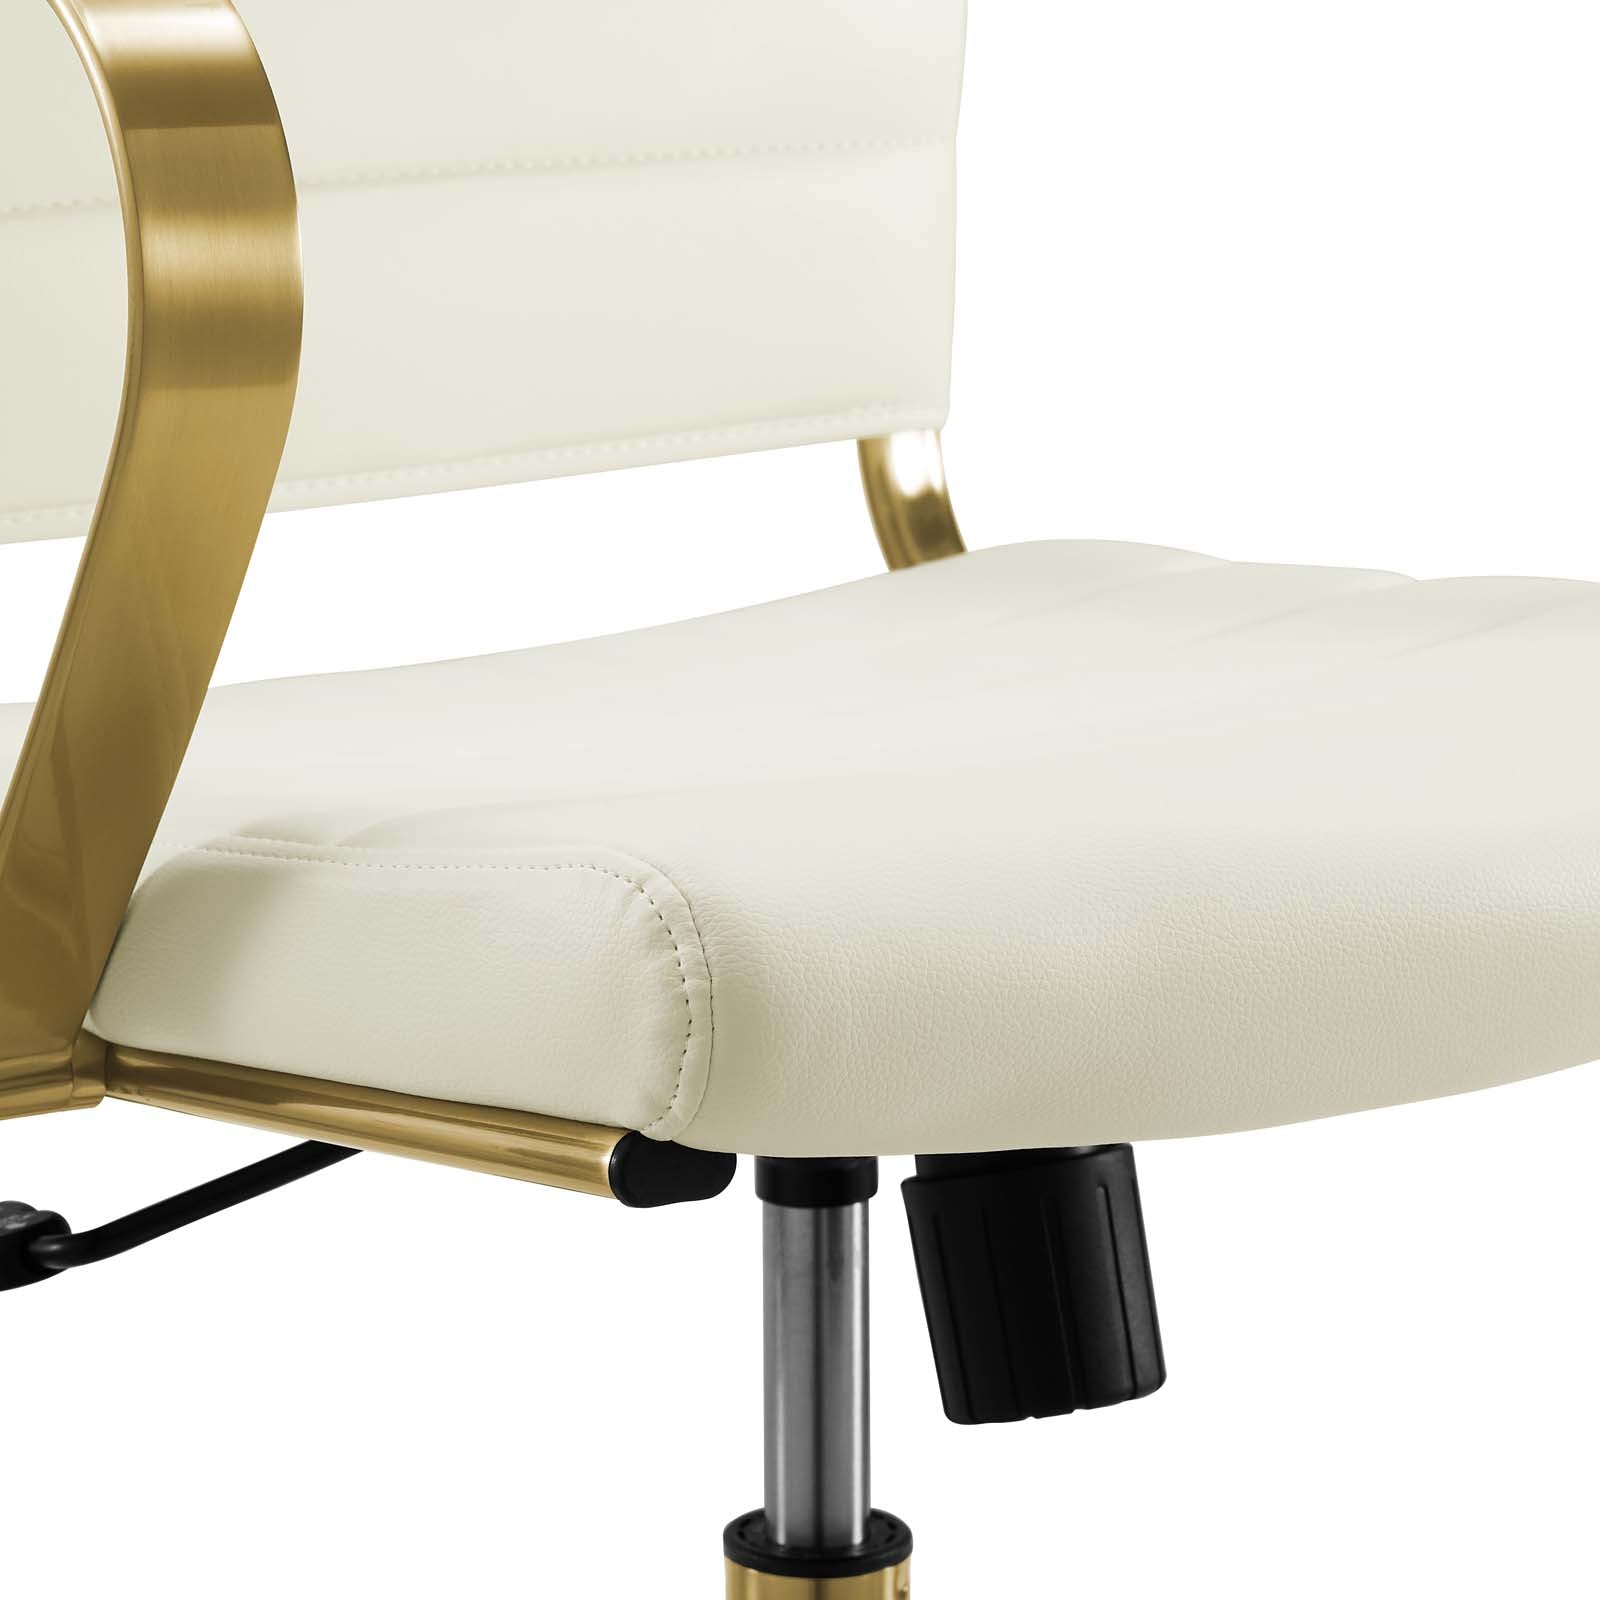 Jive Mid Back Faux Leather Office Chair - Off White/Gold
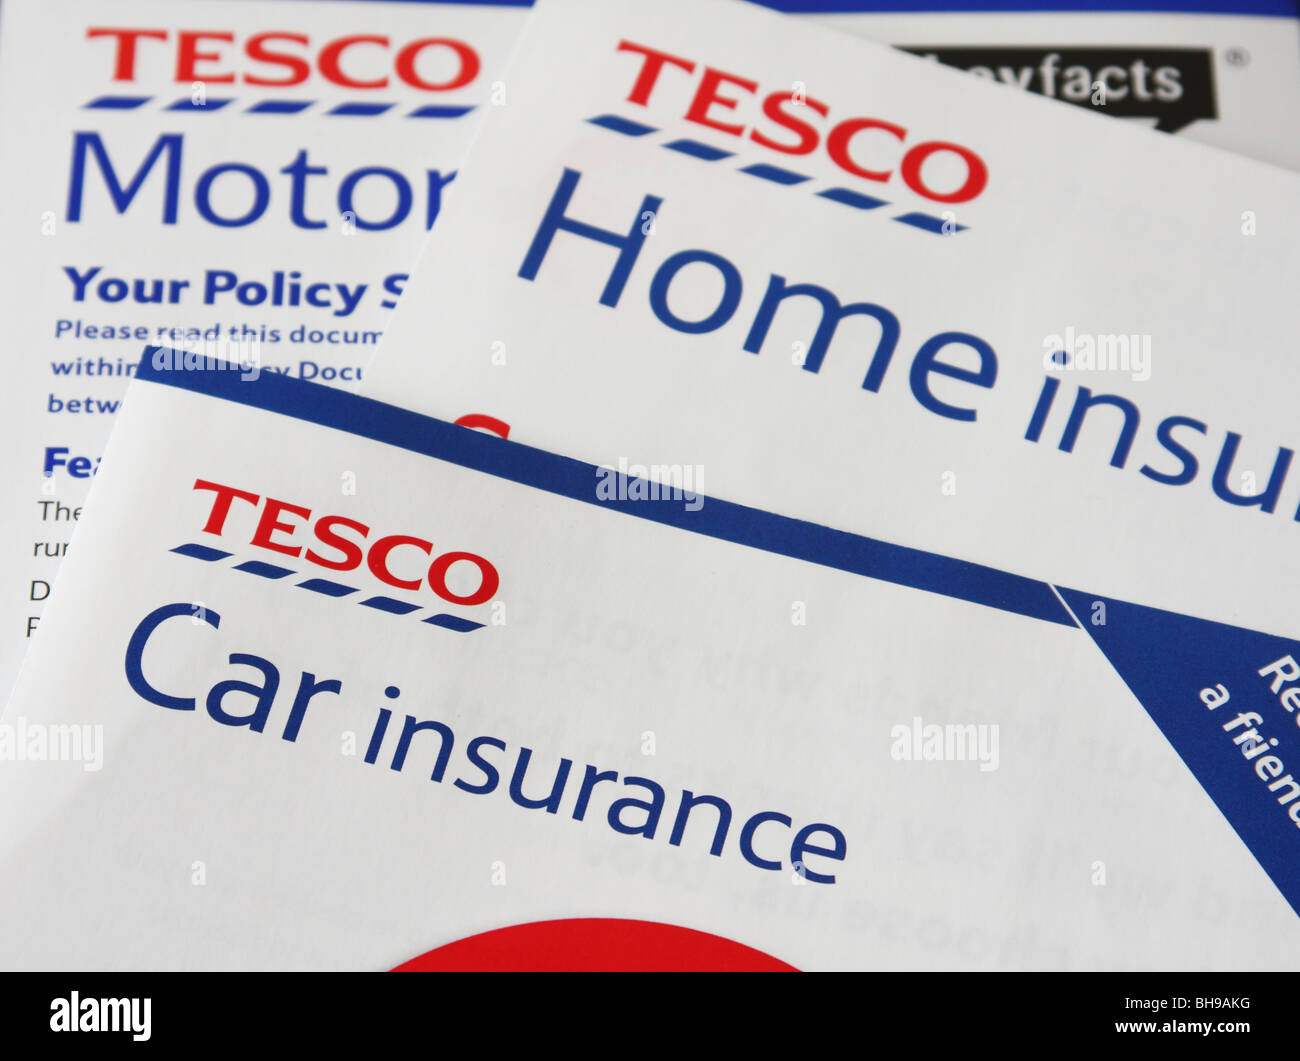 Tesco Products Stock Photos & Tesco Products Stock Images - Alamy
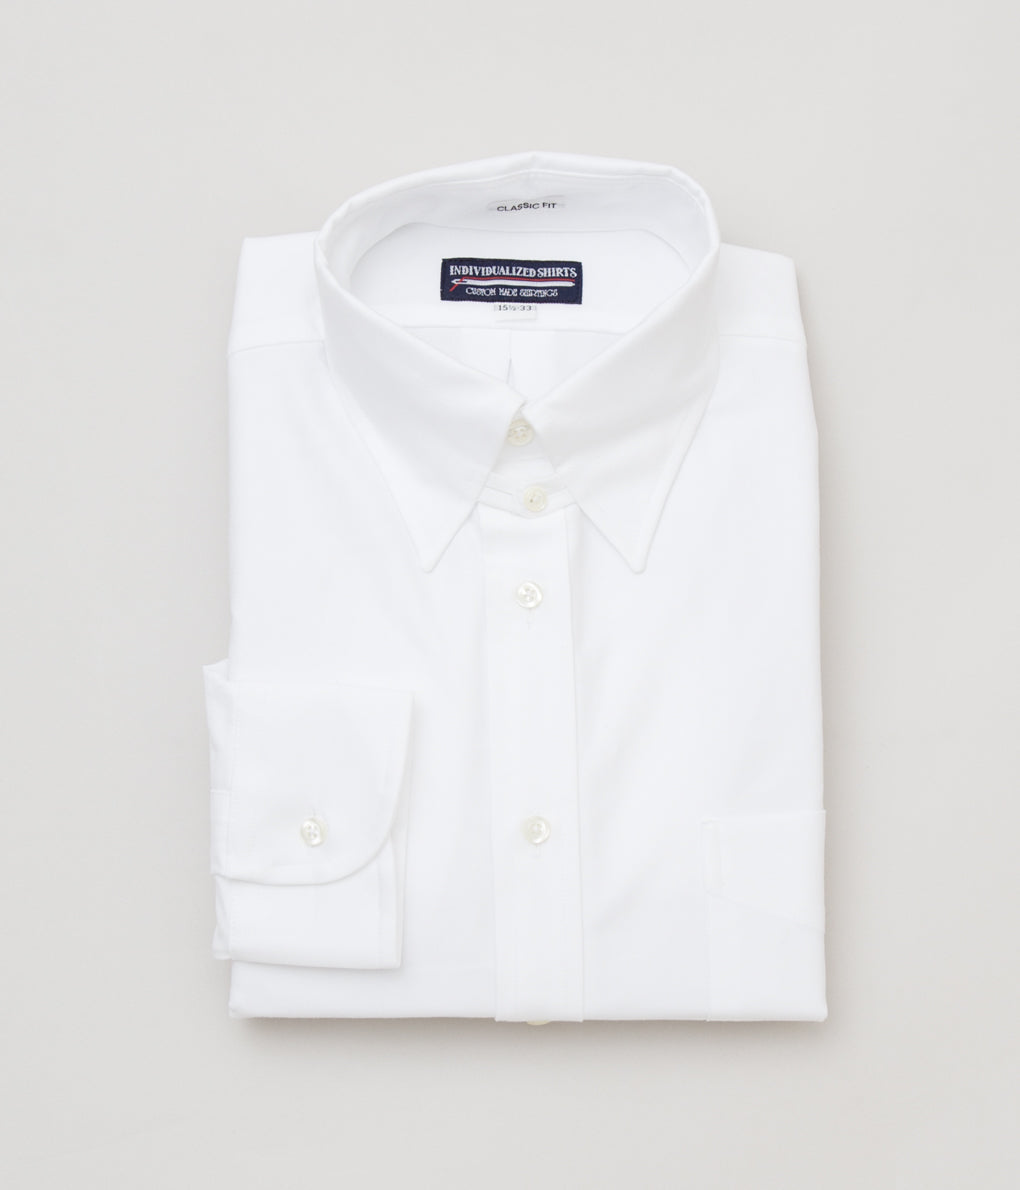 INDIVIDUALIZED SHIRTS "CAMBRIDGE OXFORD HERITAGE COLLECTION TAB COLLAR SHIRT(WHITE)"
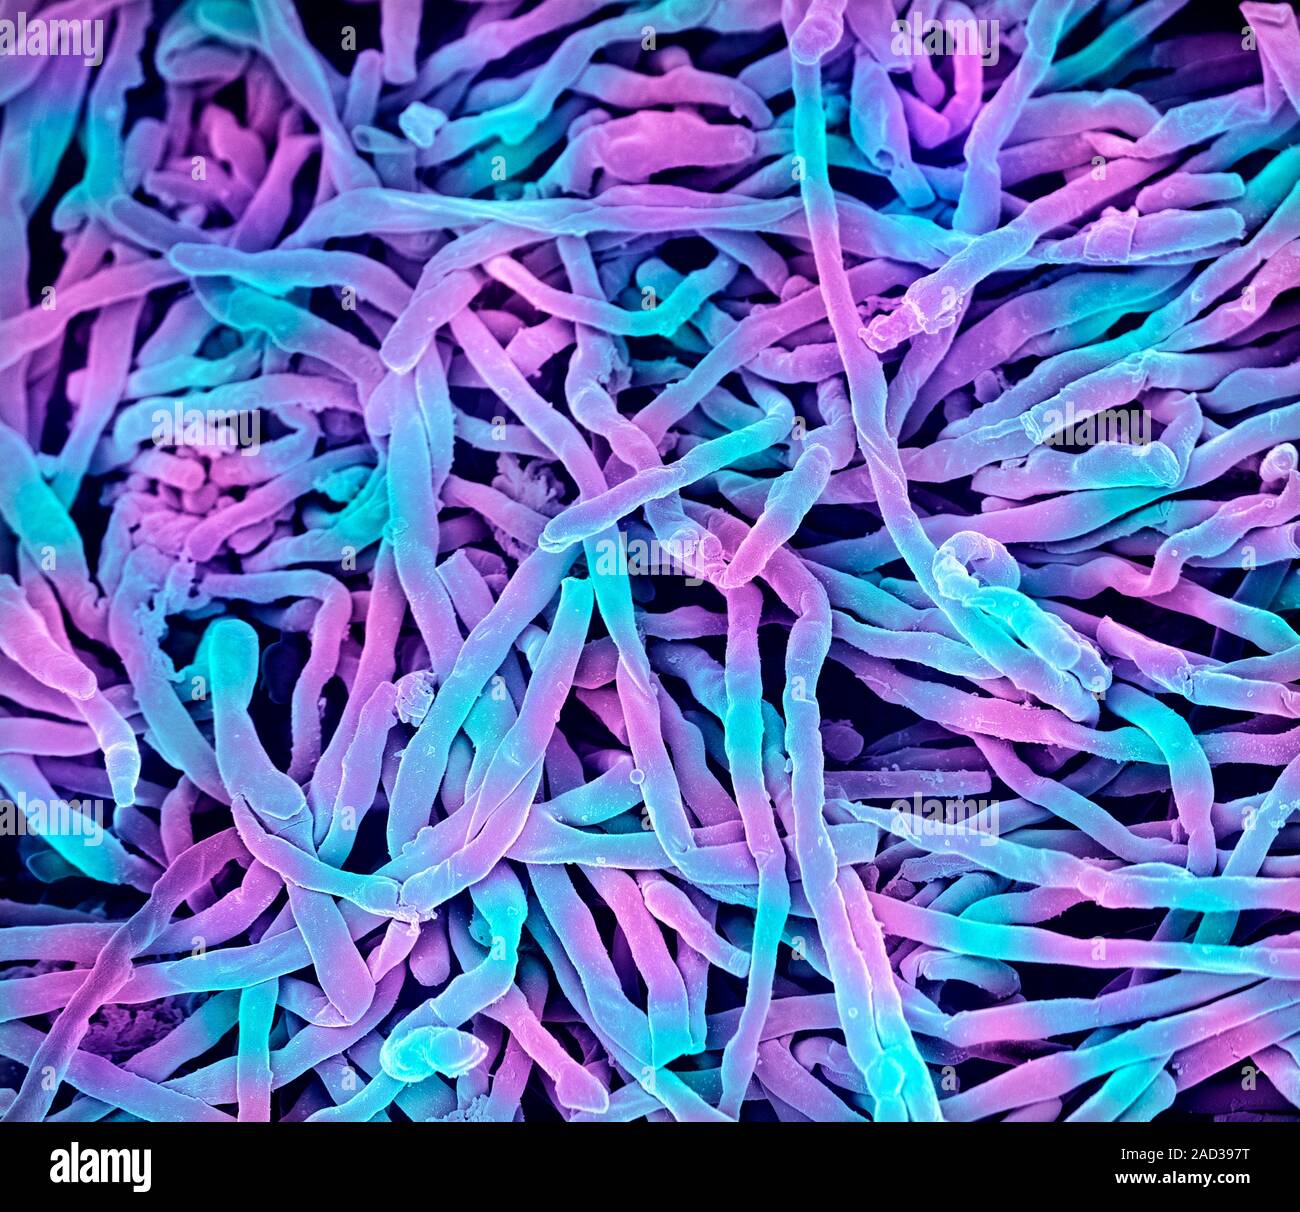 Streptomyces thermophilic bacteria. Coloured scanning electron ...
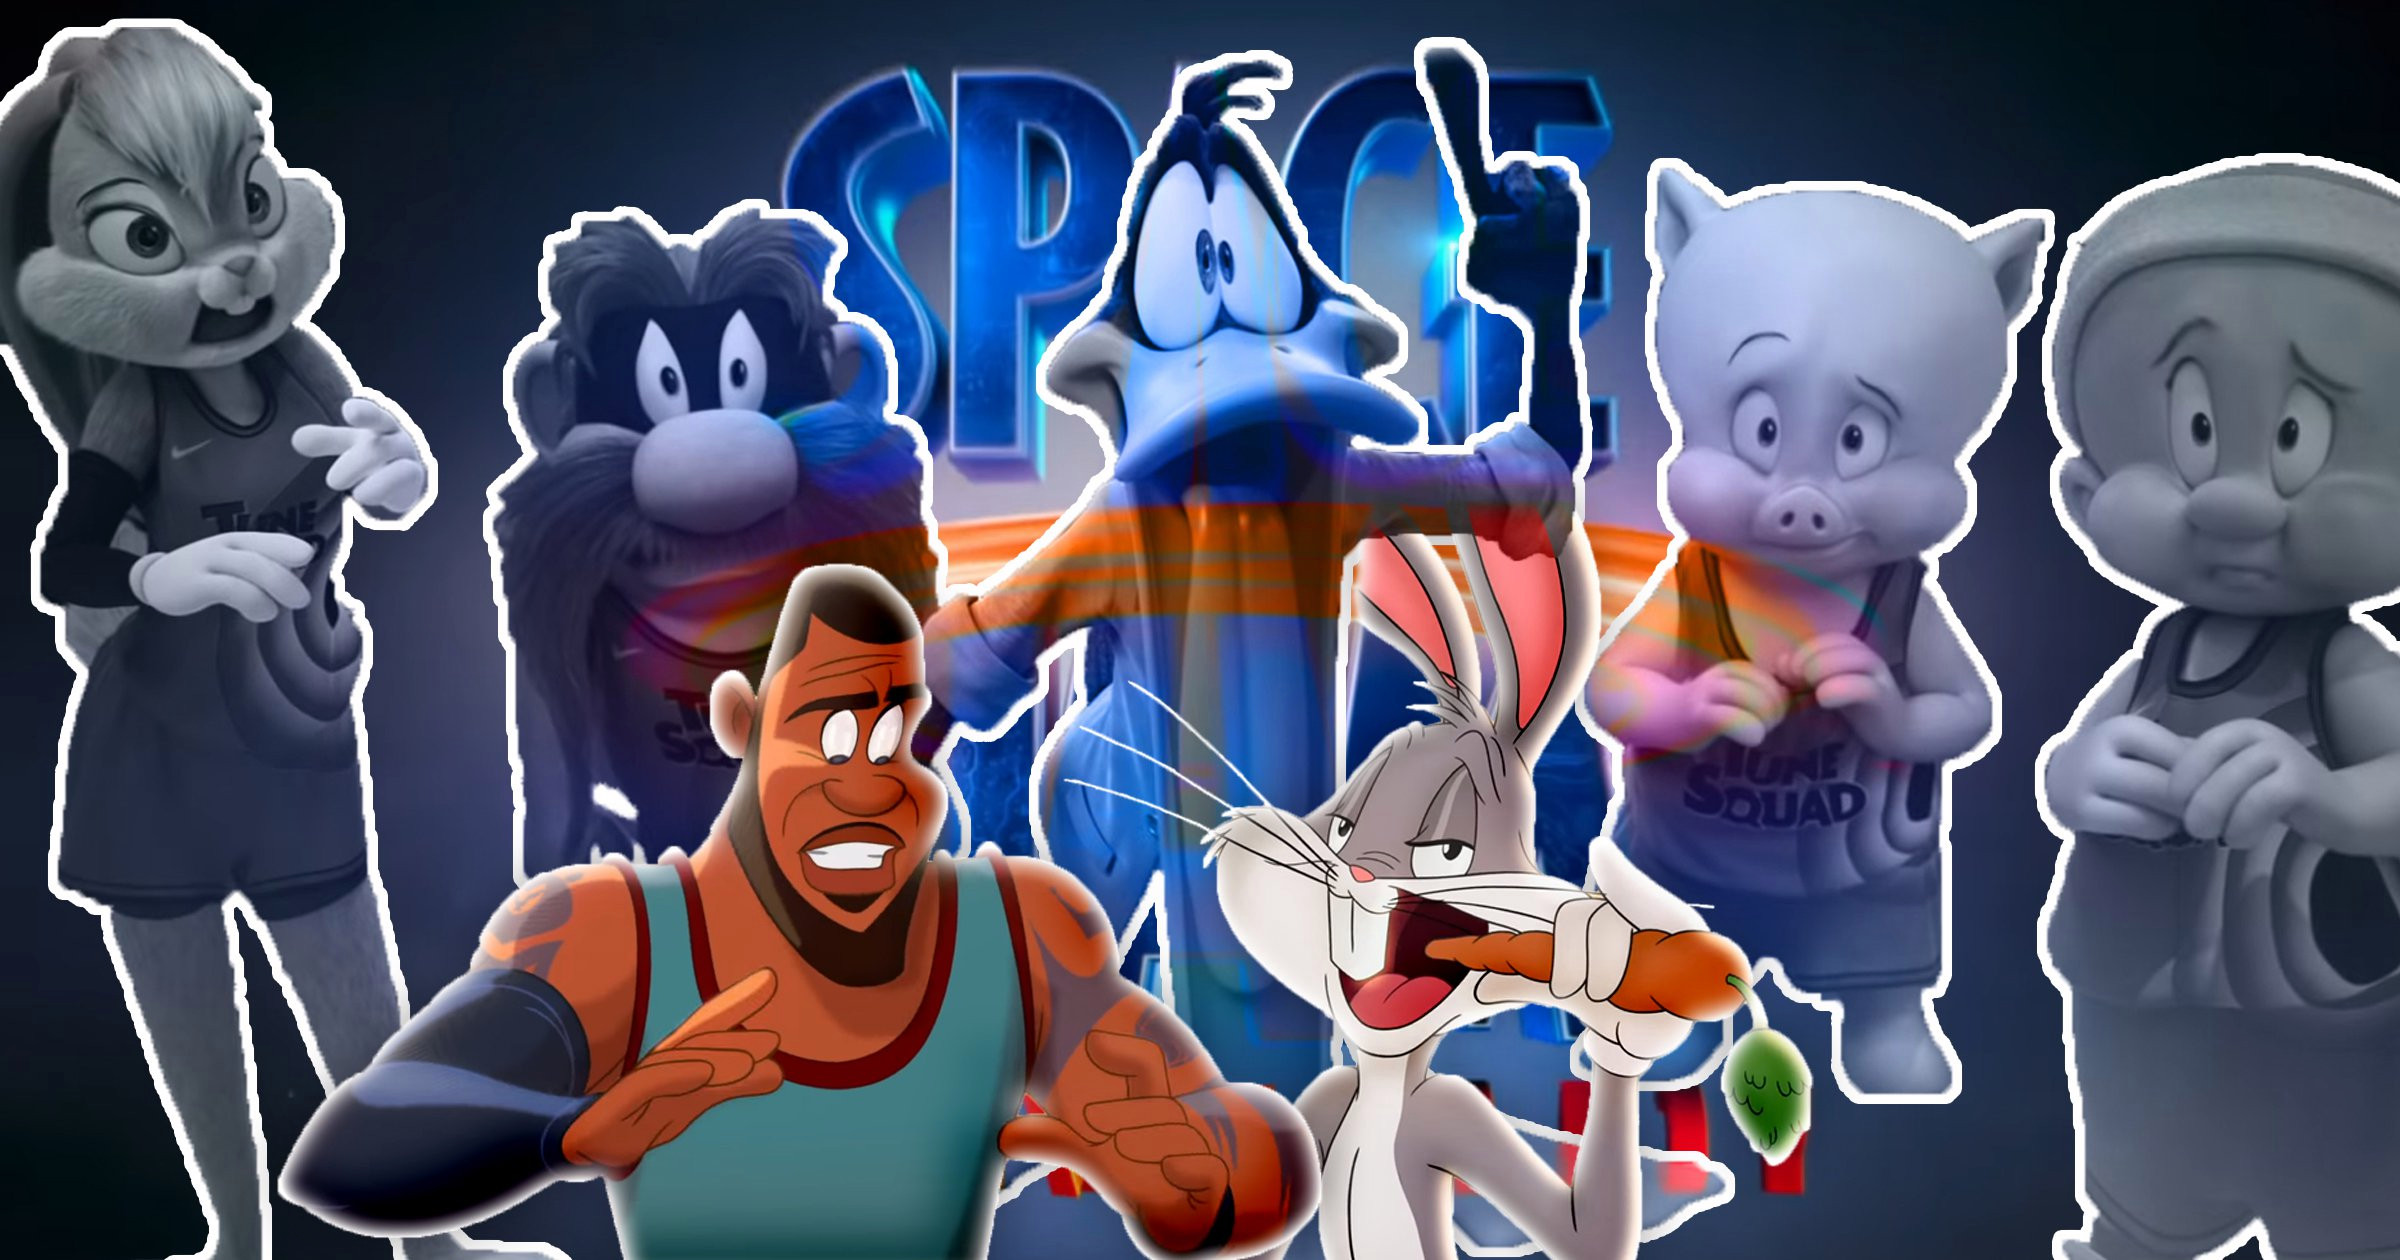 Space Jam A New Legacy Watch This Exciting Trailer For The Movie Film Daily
******************************
EXERCISE DESCRIPTION: From the line holding "Tesco Products Stock Photos" to the final line of the data above, give each line again exactly, both ends included, and drop the pictures.

RESPONSE FOR THIS EXERCISE:
 Tesco Products Stock Photos & Tesco Products Stock Images - Alamy
 INDIVIDUALIZED SHIRTS "CAMBRIDGE OXFORD HERITAGE COLLECTION TAB COLLAR SHIRT(WHITE)"
 Streptomyces thermophilic bacteria. Coloured scanning electron ...
 Space Jam A New Legacy Watch This Exciting Trailer For The Movie Film Daily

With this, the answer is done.